We aren't using pytorch-lightning and load a pre-trained model here to keep the notebook environment lean. For your project, we highly recommend using a framework to abstract away much of the boilerplate code below.

:::{danger}
This model is certainly overfitted. For brevity we have omitted a validation dataset, which is essential for building models that generalize well on unseen data.
:::

In [None]:
m.load_state_dict(torch.load("../autoencoder.torch", weights_only=True))

In [None]:
m.eval()
n_examples = 4
inputs = next(iter(loader))
outputs = m(inputs)

inputs = inputs.detach().cpu().numpy()
outputs = outputs.detach().cpu().numpy()

In [None]:
fig, axes = plt.subplots(2, n_examples)

for i_col in range(n_examples):
    axes[0, i_col].imshow(inputs[i_col, 0, ...])
    axes[1, i_col].imshow(outputs[i_col, 0, ...])

for a in axes.flat:
    a.set_xticks([])
    a.set_yticks([])

axes[0, 0].set_ylabel("Original patch")
axes[1, 0].set_ylabel("Reconstruction")

fig.tight_layout()
plt.show()

## Reconstruction 1: Getting the full array back

Suppose we would like to evaluate how the autoencoder does on reconstructing the entire terrain patch by combining outputs across all input patches. To do so we can use the `predict_on_array` function described in the previous notebook. Our model outputs tensors with shape `(band=1, x=32, y=32)`. We need to specify each of these axes in the call to `predict_on_array`. `band` does not change size and is not used by the `BatchGenerator`, so it goes in `core_dim`. Both `x` and `y` are used by the `BatchGenerator`, so although they do not change size they still go in `resample_dim`. That accounts for all tensor axes, so we can leave the `new_dim` argument as an empty list.

In [None]:
dem_reconst = functions.predict_on_array(
    dataset=ds,
    model=m,
    output_tensor_dim=dict(band=1, y=32, x=32),
    new_dim=[],
    core_dim=["band"],
    resample_dim=["x", "y"],
    progress_bar=False
)

In [None]:
dem_reconst.isel(band=0).plot.imshow(cmap="terrain")

That certainly looks like the original DEM. Let's try plotting the error in the reconstruction.

In [None]:
err = (dem_reconst - dem)
err.isel(band=0).plot.imshow()
plt.show()

In [None]:
err.plot.hist()
plt.show()

Not bad!

## Reconstruction 2: Getting the latent dimension

A common application of autoencoders is to use the latent dimension for some application.

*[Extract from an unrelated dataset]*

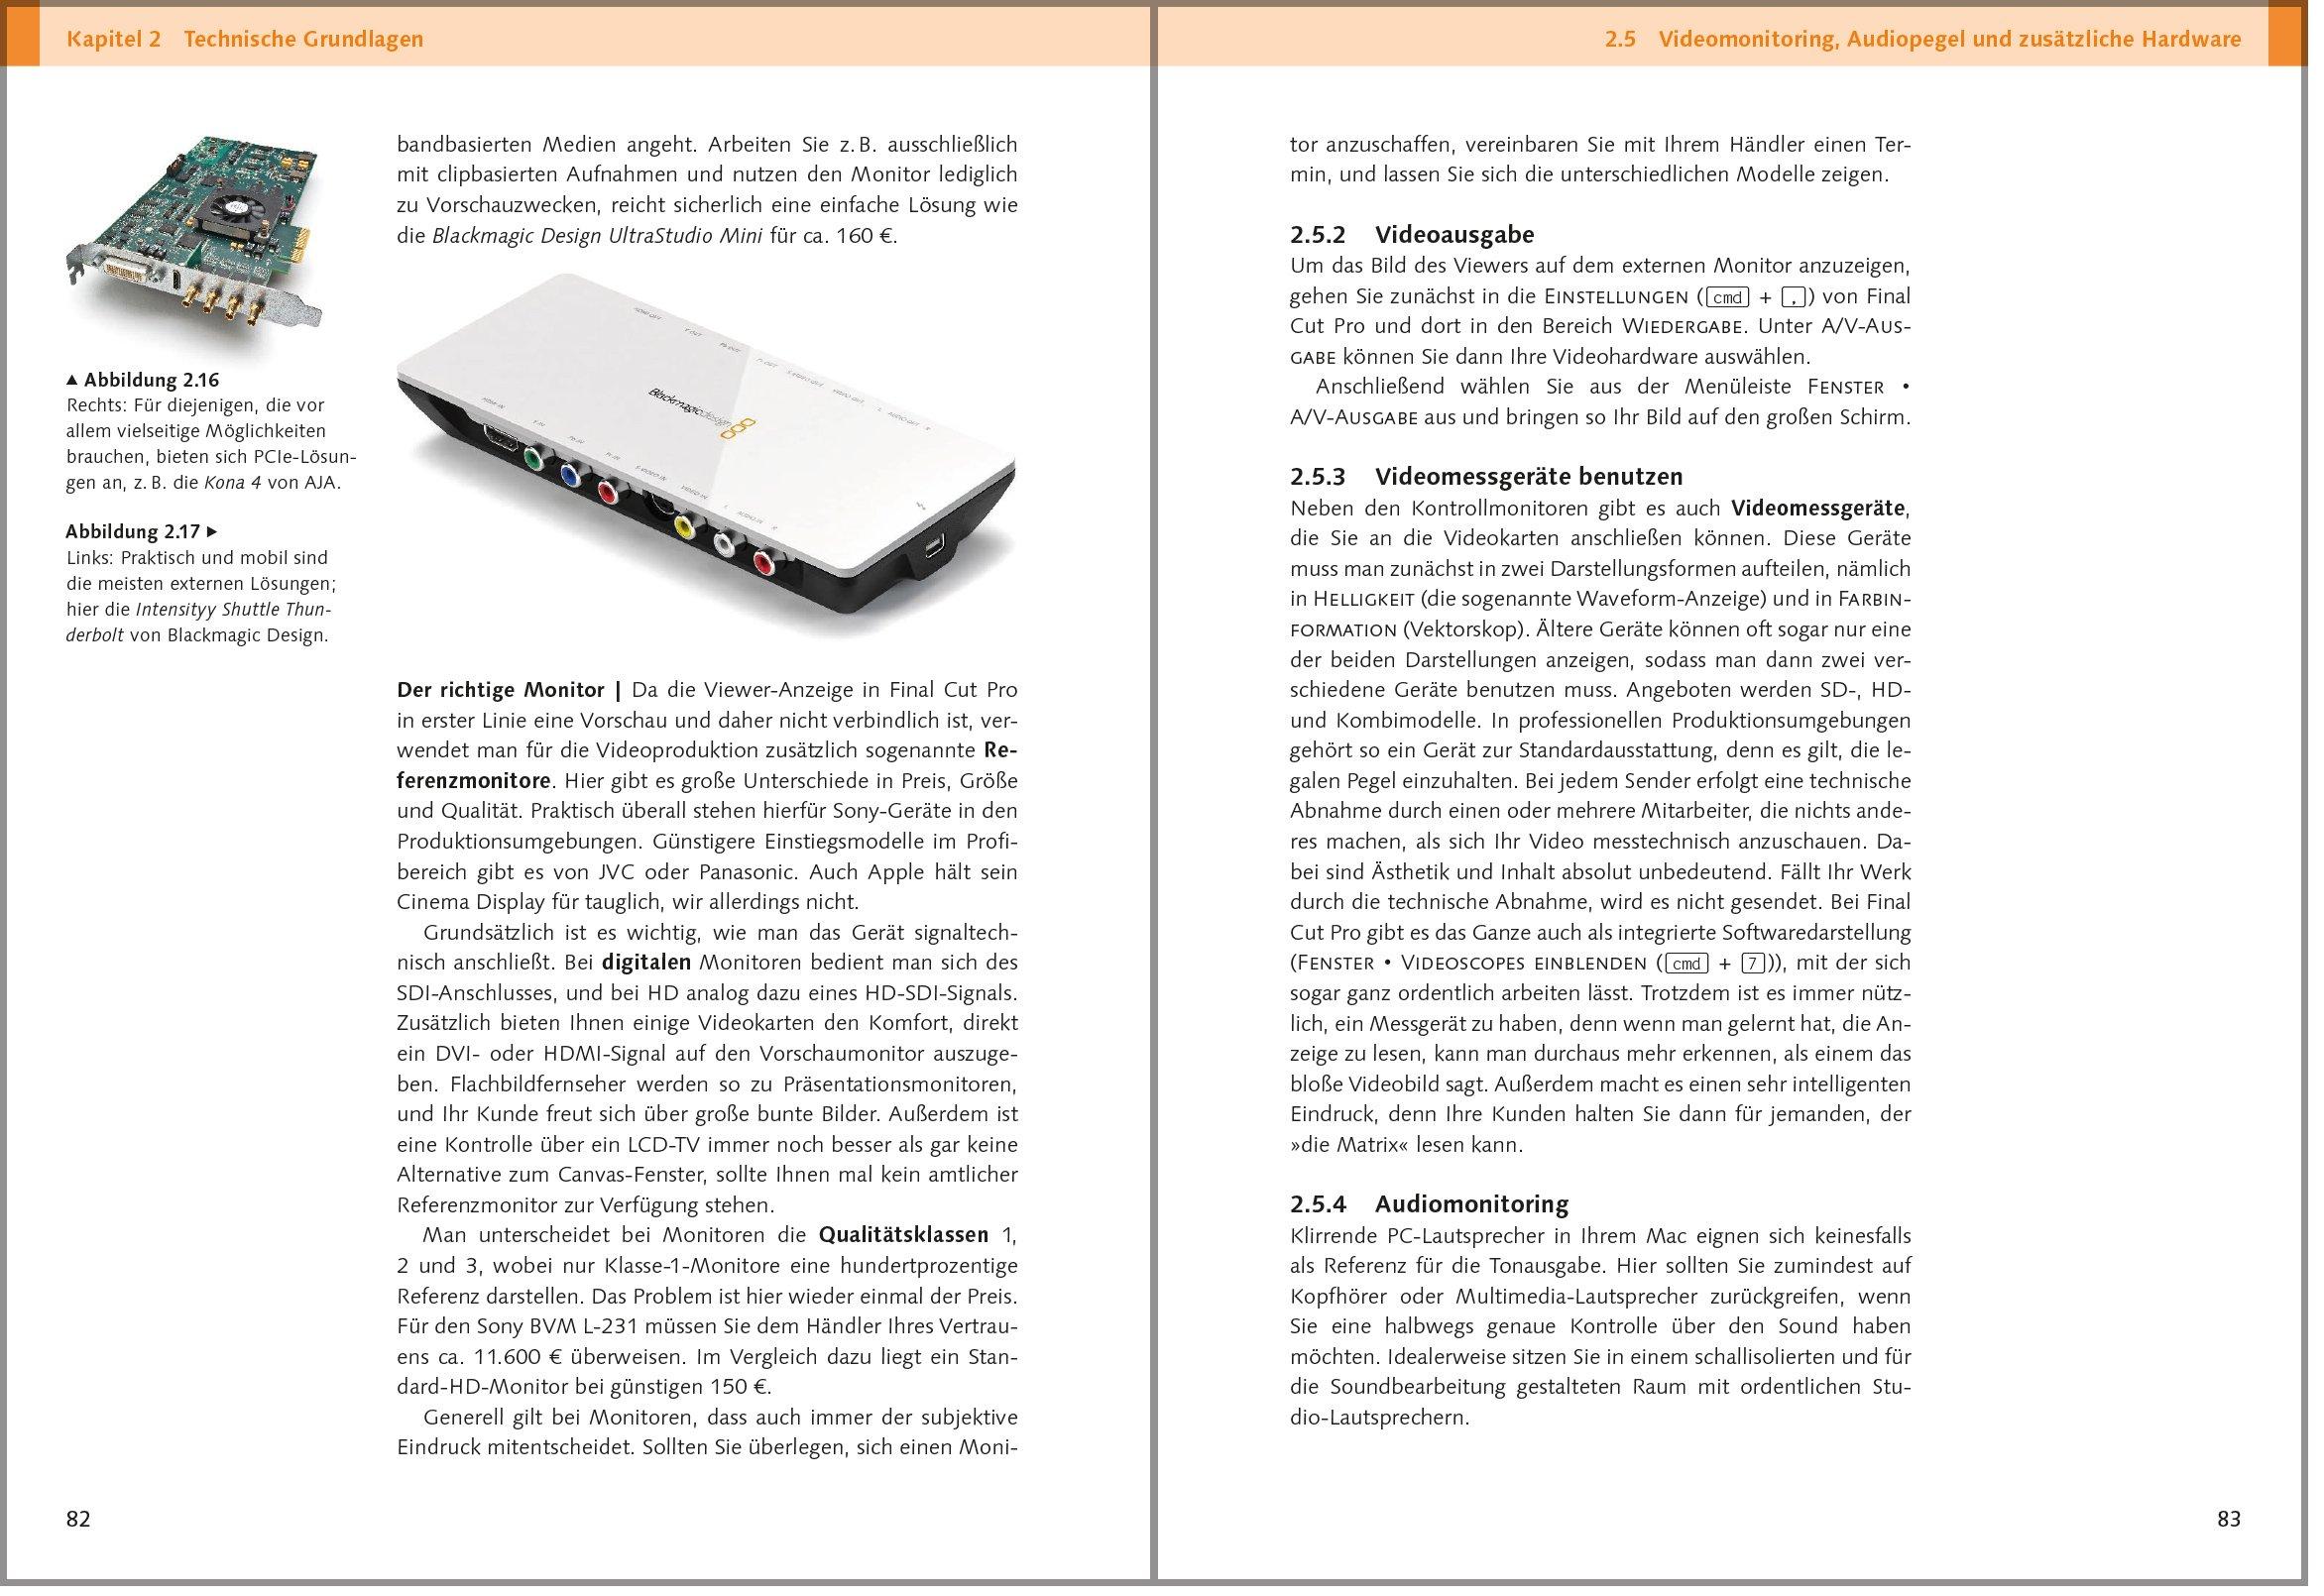 Final Cut Pro X 10.2: Das umfassende Handbuch zur neuen Version 10.2 ...

Let's turn our autoencoder's predictions into a data cube. To do so we will modify the batch generator to not have overlapping windows. We also have to slightly clip the size of the input DEM. This is because we are effectively downscaling the spatial axes by a factor of 32. Since `3600 / 32` is not an integer, `predict_on_array` will not know how to rescale the array size. So, we have to clip the DEM to the nearest integer multiple of 32. In this case the nearest multiple is 3584, which we achieve by clipping 8 pixels from each side.

In [None]:
bgen_no_overlap = xbatcher.BatchGenerator(
    dem.isel(x=slice(8, -8), y=slice(8, -8)),
    input_dims=dict(x=32, y=32),
    input_overlap=dict(x=0, y=0)
)

ds_no_overlap = MapDataset(
    X_generator=bgen_no_overlap
)

loader = torch.utils.data.DataLoader(ds_no_overlap, batch_size=16, shuffle=True)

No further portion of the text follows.